While outsourcing is now “ubiquitous” in US higher education and is increasingly common worldwide, the evidence for its effectiveness is very limited, according to an analysis of 30 journal papers focused on the practice in higher education.
In fact, existing research suggests that outsourcing might often have deleterious effects for higher education. Articles published between 2000 and 2015 reveal that while universities had “outsourced to reduce costs and eliminate budgetary constraints, improve the quality of services and ease management oversight duties, there is no guarantee that outsourcing will do so in the long run”, says the paper, “Outsourcing in higher education: the known and unknown about the practice”, published recently in the Journal of Higher Education and Management.
“Instead, as more institutions outsource, the more expense they will incur in future…[because] the profit motive intrinsic to private enterprises [will increase] the cost of providing services…in the long run,” states author Caroline Sabina Wekullo, a PhD student at Texas A&M University’s department of educational administration and human resource.
“Though sometimes outsourcing has increased variety and quality of services, the costs have also gone up making it more expensive for students,” the paper adds, saying that this has been “one of the contributing factors to the high costs of higher education in the US”.
Only three articles of the 30 papers assessed concluded that outsourcing had been broadly positive; three found it to have been largely negative, while others categorised it as having caused “mixed” or “non-significant” effects.
One of the most popular areas for outsourcing was IT. A study by International Data Corporation in 2015 found that US universities spent $6.6 billion (£5 billion) a year on outsourcing IT, far more than the $4.6 billion spent by the US federal government in this area, the report says.
However, other outsourced activities assessed by the literature review included academic grading, facility management, curriculum design, programmes and classroom instruction, as well as “non-core” support services such as security, catering and maintenance.

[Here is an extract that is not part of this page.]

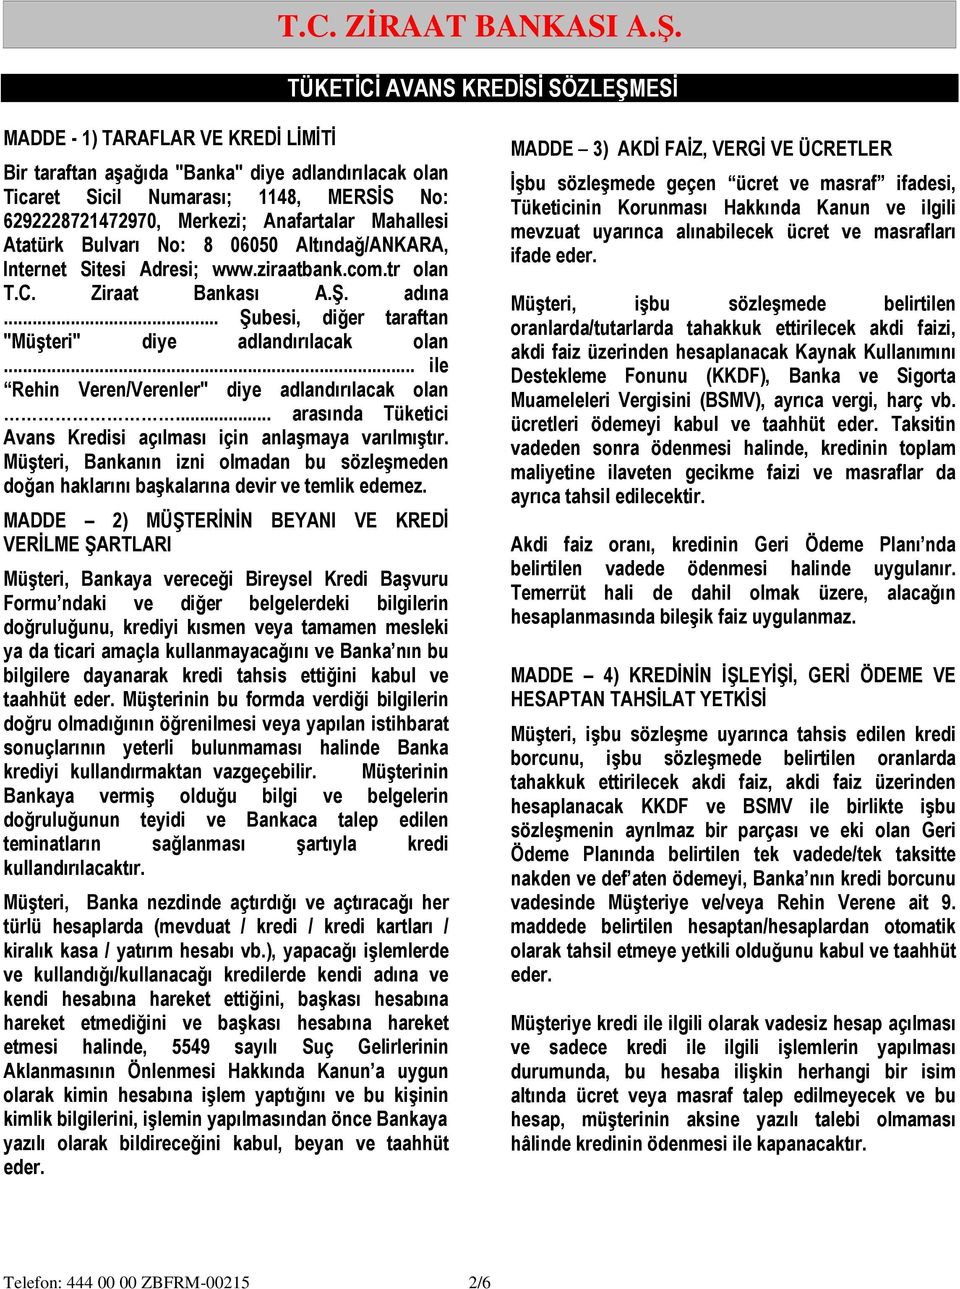 Anafartalar Mahallesi Atatürk Bulvarı No: 8 06050 Altındağ/ANKARA, Internet Sitesi Adresi; www.ziraatbank.com.tr olan T.C. Ziraat Bankası A.Ş. adına.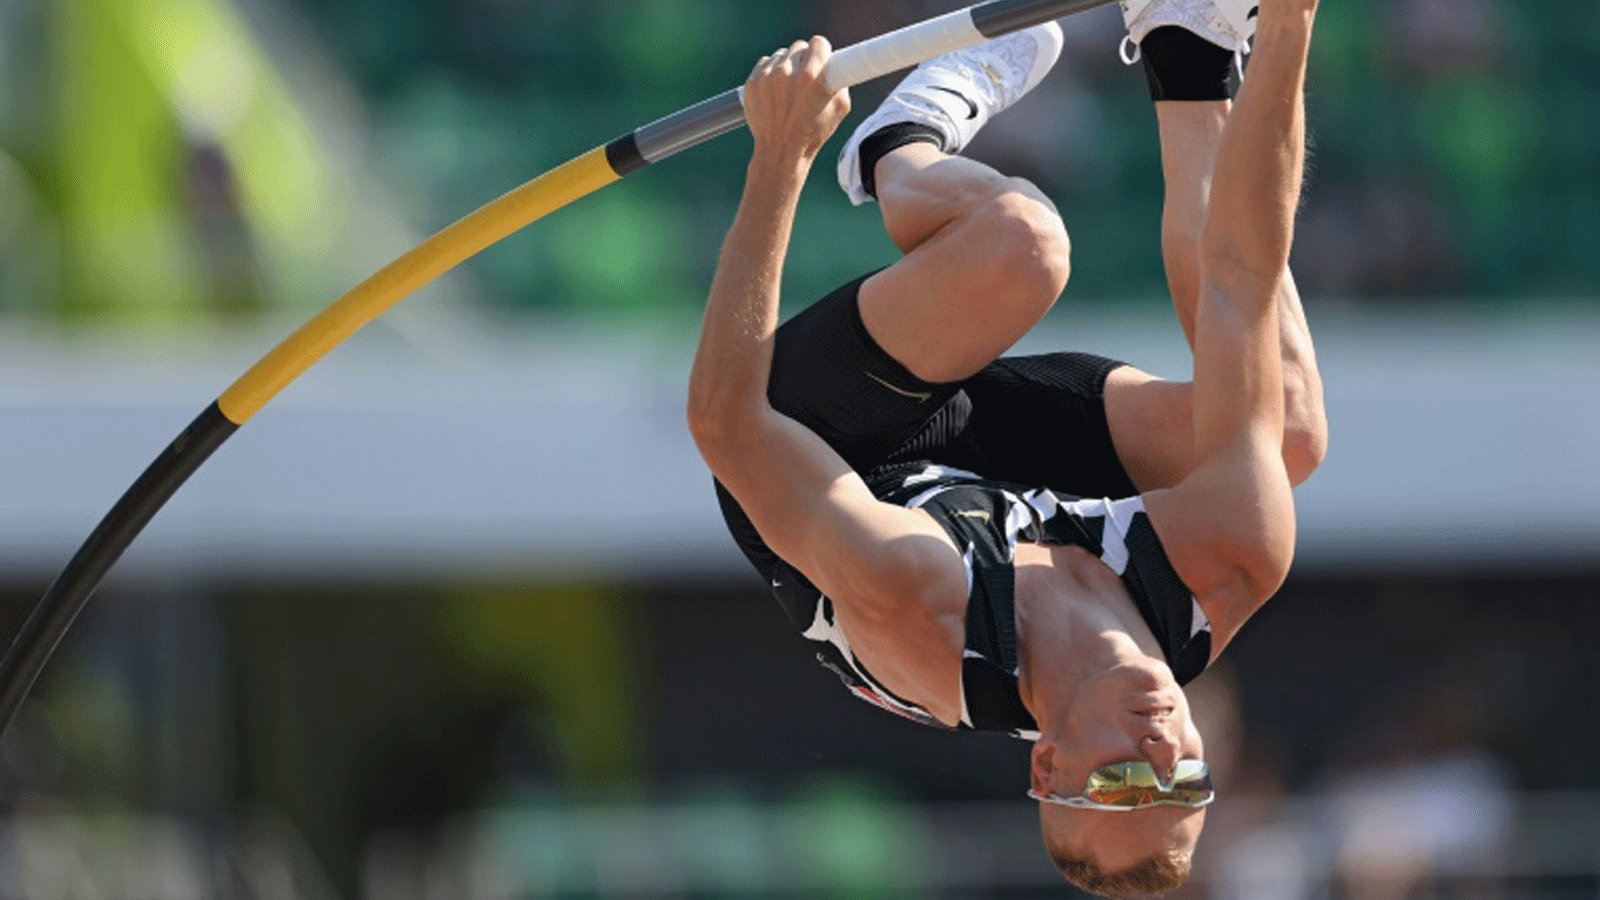 كندريكس حقق ذهبية القفز بالزانة في آخر نسختين من بطولة العالم لألعاب القوى في لندن 2017 والدوحة 2019

An Australian university’s attempt to outsource academic activity in an overseas campus was one of the examples in which the practice was found to cause negative effects, the paper says.
While universities should be open to externally run solutions to student services, the paper advises that “findings show that [its] effectiveness varies across institutions and depends on the activity outsourced”. Managers should think hard about whether outsourcing will work given the “size of [their] institutions, the activity being outsourced and the expected benefits” and should “continuously monitor and evaluate to determine if outsourcing is effective”.
“Though outsourcing may improve the quality of services, they are becoming more expensive for students and harder for them to afford,” the paper concludes, saying “further rigorous research to make empirical claims about the effectiveness of outsourcing” is needed.